As they set out on what will hopefully be memorable continental careers, Europe's new international referees have received a wealth of invaluable advice from a man who, in refereeing terms, has "been there and done that".
UEFA's chief refereeing officer Pierluigi Collina – who took charge of some of the biggest occasions in football during his own outstanding career – was on hand at UEFA's winter referees' course in Rome to give newcomers to the FIFA international list a comprehensive introduction to the high-pressure, high-stakes modern European game.
Collina was joined by the chairman of the UEFA Referees Committee, Ángel María Villar Llona, in opening the 22nd UEFA Introductory Course for International Referees and urging the young referees to show responsibility and dedication to their profession. The match officials heard that meticulous preparation, courage and consistency in taking decisions, knowledge of football tactics and players, and a belief in their own abilities are all crucial parts of a top referee's armoury.
The course is the first to feature men and women referees. "It has special importance in the development of men and women referees," said Villar Llona. "The UEFA Referees Committee is investing much in you – please take the opportunity that you are being given. And be aware of your responsibilities in representing UEFA and your country."
Pierluigi Collina developed the topic of responsibility. "Understand that you are representing your national association, UEFA and yourself," he reflected. "Remember that many people, including young referees, will be looking at you as a role model, which is not only an honour, but also a major responsibility."
"Be prepared" was a key element of Collina's message to the refereeing "rookies". Given the speed of the modern-day game and the intense media focus, referees had to be prepared to handle pressure in taking decisions, often in a split-second. "Consistency is also key," he added. "The ultimate target for a referee is to be accepted – with decisions being accepted even if they are not agreed with, or even if a decision is wrong.

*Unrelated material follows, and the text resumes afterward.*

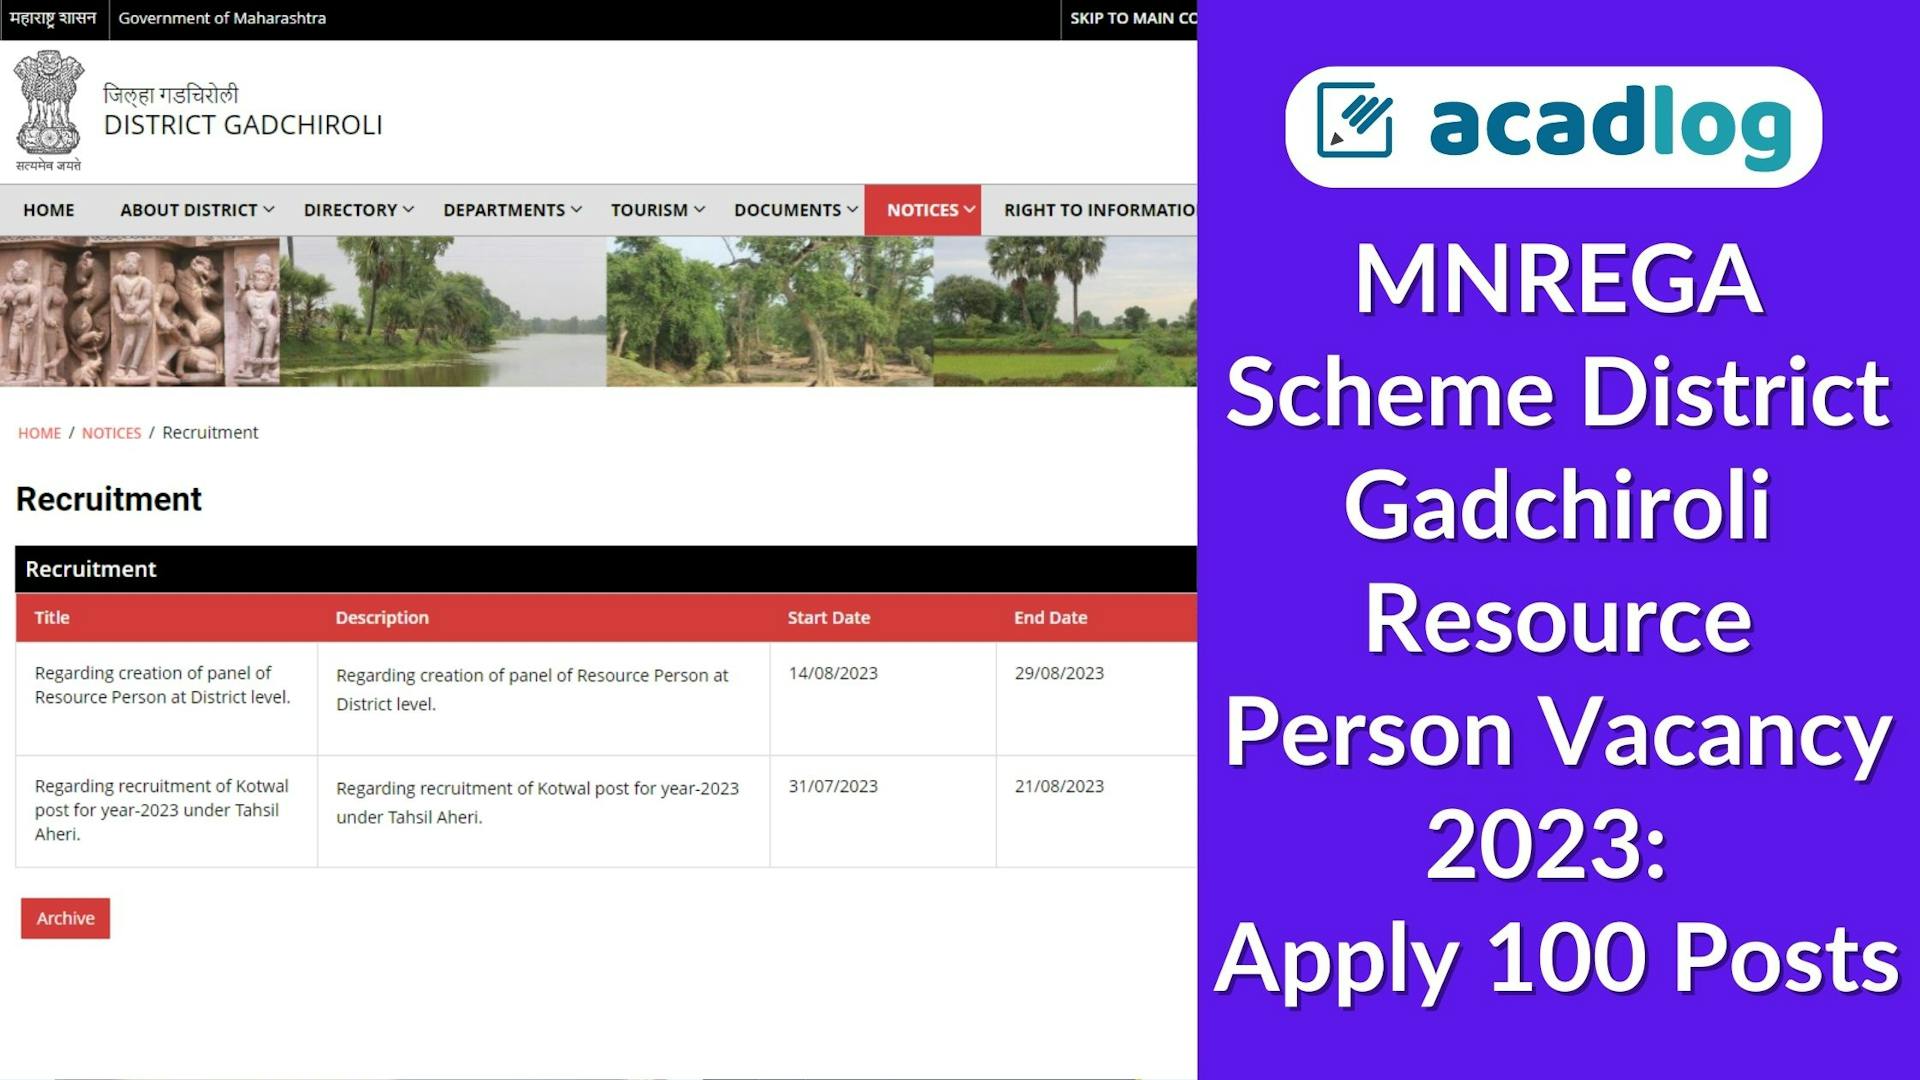 MNREGA Scheme District Gadchiroli Resource Person Vacancy 2023: Apply 100 Posts
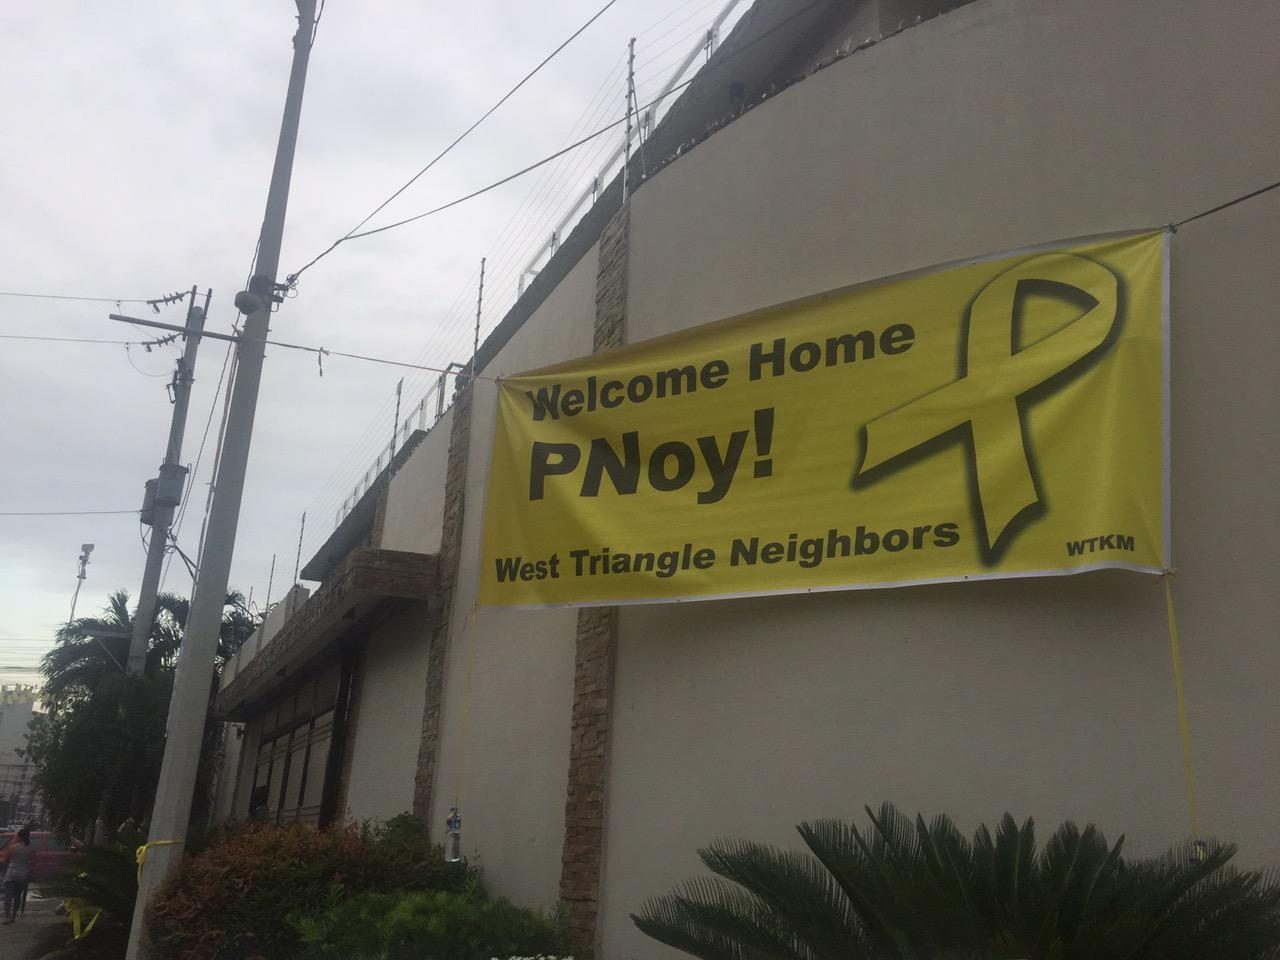 IN PHOTOS: QC neighbors welcome Aquino back

It is a great goal achieved when players trust in you."
Collina encouraged the referees to protect the players, for example, from aggressive tackling which could endanger a career, and to not accept mobbing by players. The two issues have been a top priority for UEFA in recent years as part of strenuous efforts to protect the image of the game.
In addition to firm and brave decision-making, Collina stressed that the current-day top referee was an athlete and therefore had to be 100% fit to maintain standards until the end of the match. To underline that point, the Italian showed a video of the last three minutes of the 1999 UEFA Champions League final – a game he refereed – when Manchester United FC scored two late goals to beat FC Bayern München. "Even if you are tired, you have to be ready for something like this to happen so that you can take the correct decision if necessary," he said.
Part of a referee's preparation includes studying the teams' tactics and players' traits ahead of a match. "Doing this, you are one step ahead," Collina emphasised. "You can predict, know and understand what might happen in a situation." Referees, he said, should never be afraid to look for the small details as part of their work – and it was essential that referees, their assistants, additional assistants and fourth officials looked to interact and produce consistency and quality as a team.
Mental strength is a "must" if a referee wants to be successful. "Be self-confident and trust in yourselves," Collina said. "Be open to change ... know your strengths and your weaknesses, and be able to take positives even from negative situations. Learn from your mistakes, because in doing so you will come back stronger.
"You are on the first step of a long staircase," Collina concluded. "Be proud and be happy that you are part of a small group of top European referees. It's a great privilege for you. Be committed, be responsible – and be ready."